My view was not shared by most feminists. But the discussion on housework under capitalist conditions went on for many years. Mostly, it was limited to a purely Western, Eurocentric perspective. Practically no one asked what this discussion meant for women in the poor countries of the global South.
Therefore my two friends, Claudia von Werlhof and Veronika Bennholdt-Thomsen and I asked whether this whole discussion about housework would make any sense for poor women in Africa, Asia and Latin America? Didnt they have other, more important problems to solve? All three of us had lived and worked in the socalled third world, Claudia and Veronika in Latin America and myself in India.

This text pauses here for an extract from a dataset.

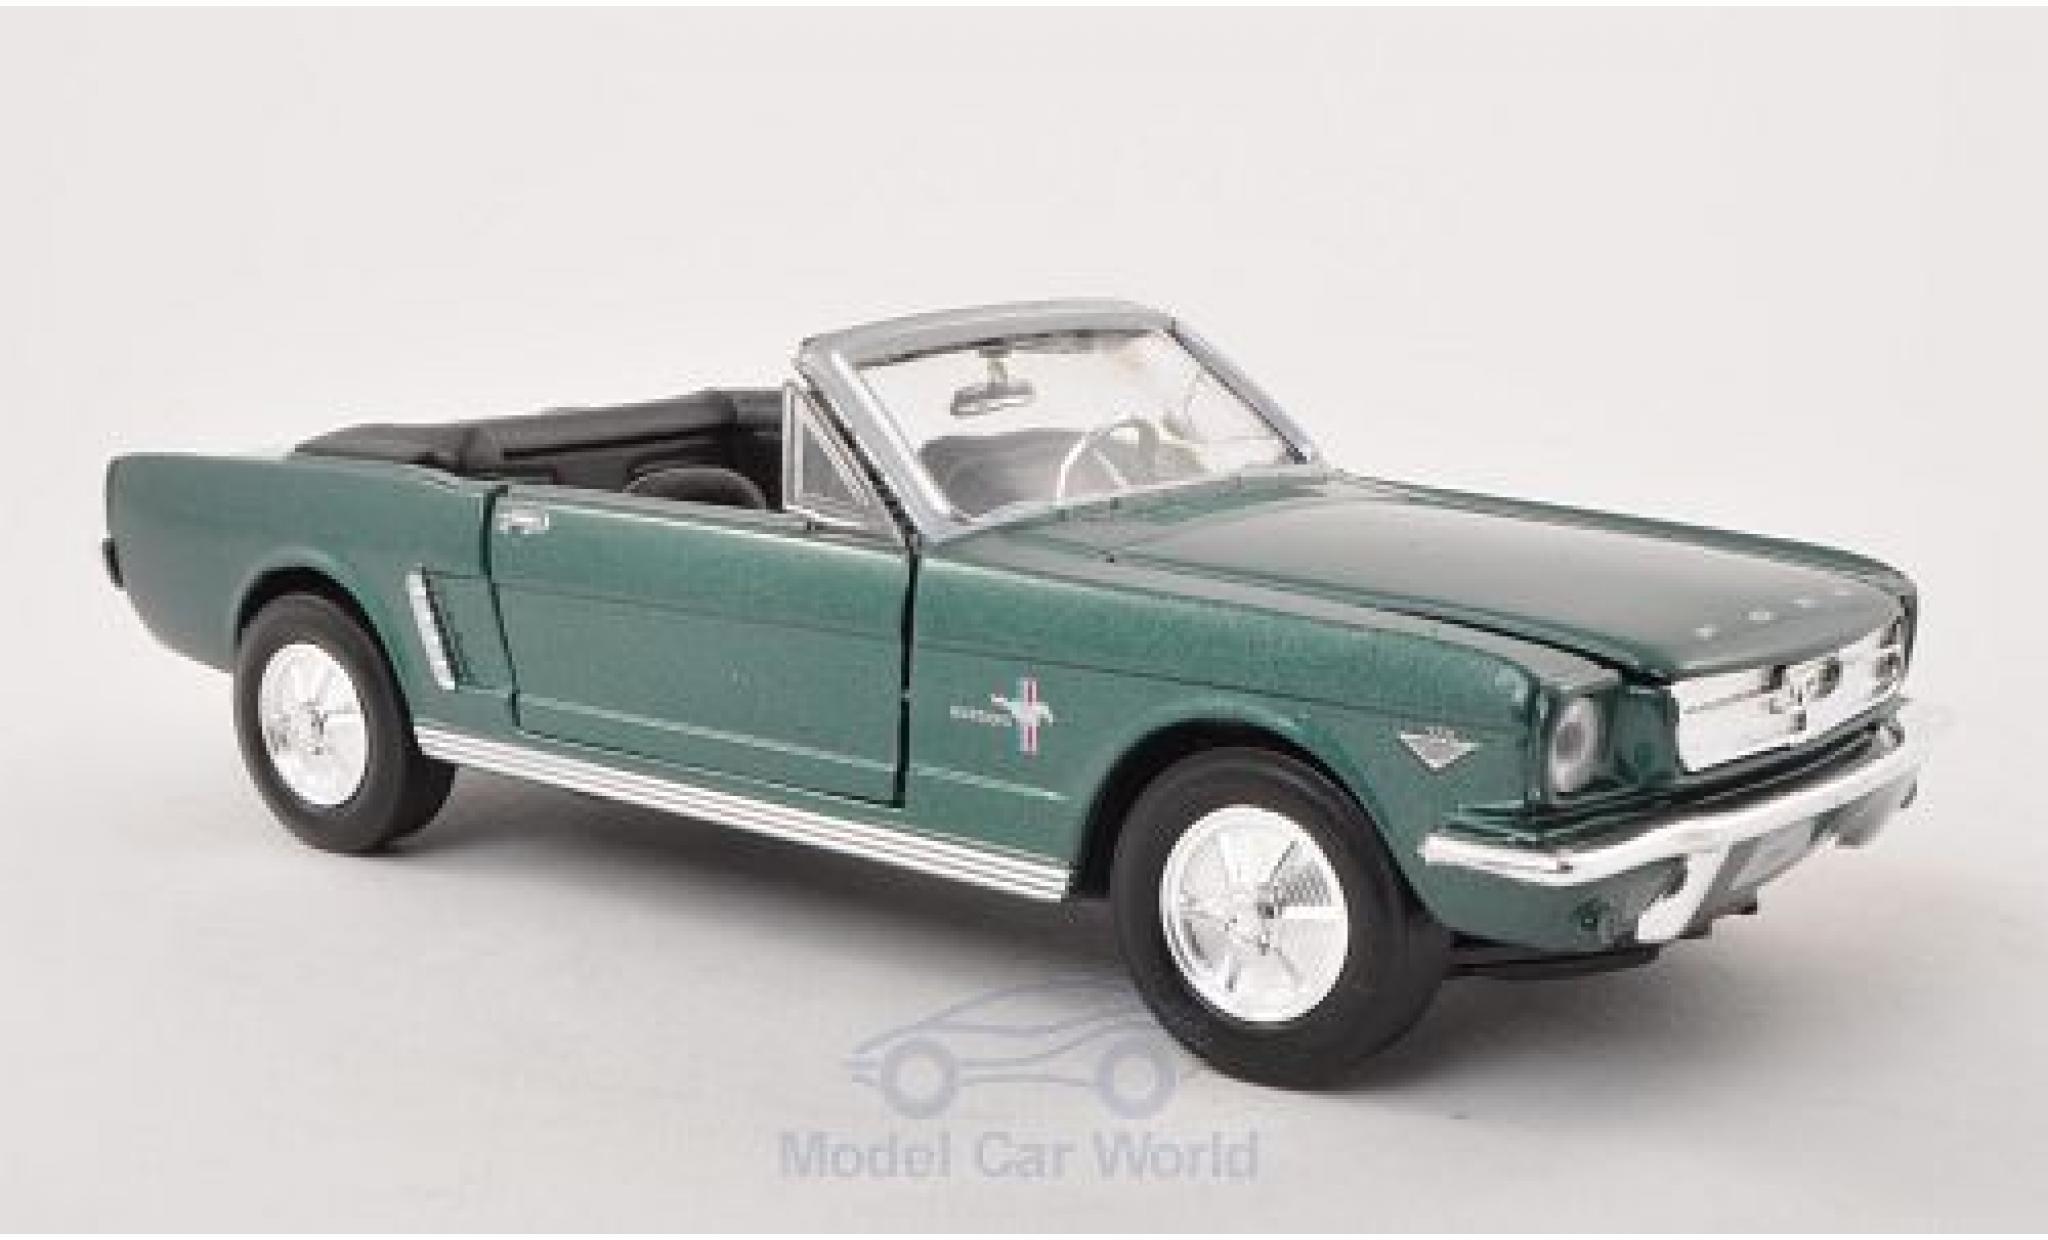 Ford Mustang 1/24 Motormax Convertible metallic green 1964

At the same time a similar discussion took place among young researchers who had studied the work conditions in developing countries on the mode of production. They had found that the majority of poor people working there were not proletarians in the classical sense of the word. They were working for their own survival as small peasants, small artisans, small shopkeepers, ragpickers, housemaids, rikshaw-pullers, tailors and in all kinds of similar casual jobs. The UN had called this whole sector the unorganised sector. We and others were not satisfied with this term and so we began calling this work Subsistence Work. Because all these people did not get a regular income, they had no job security, they had no insurance when they were sick or became old. Often they did not even have a proper place to live. In the cities, many of them lived in slums. The labour unions were not interested in these non-proletarians. But these people worked: they worked for their subsistence.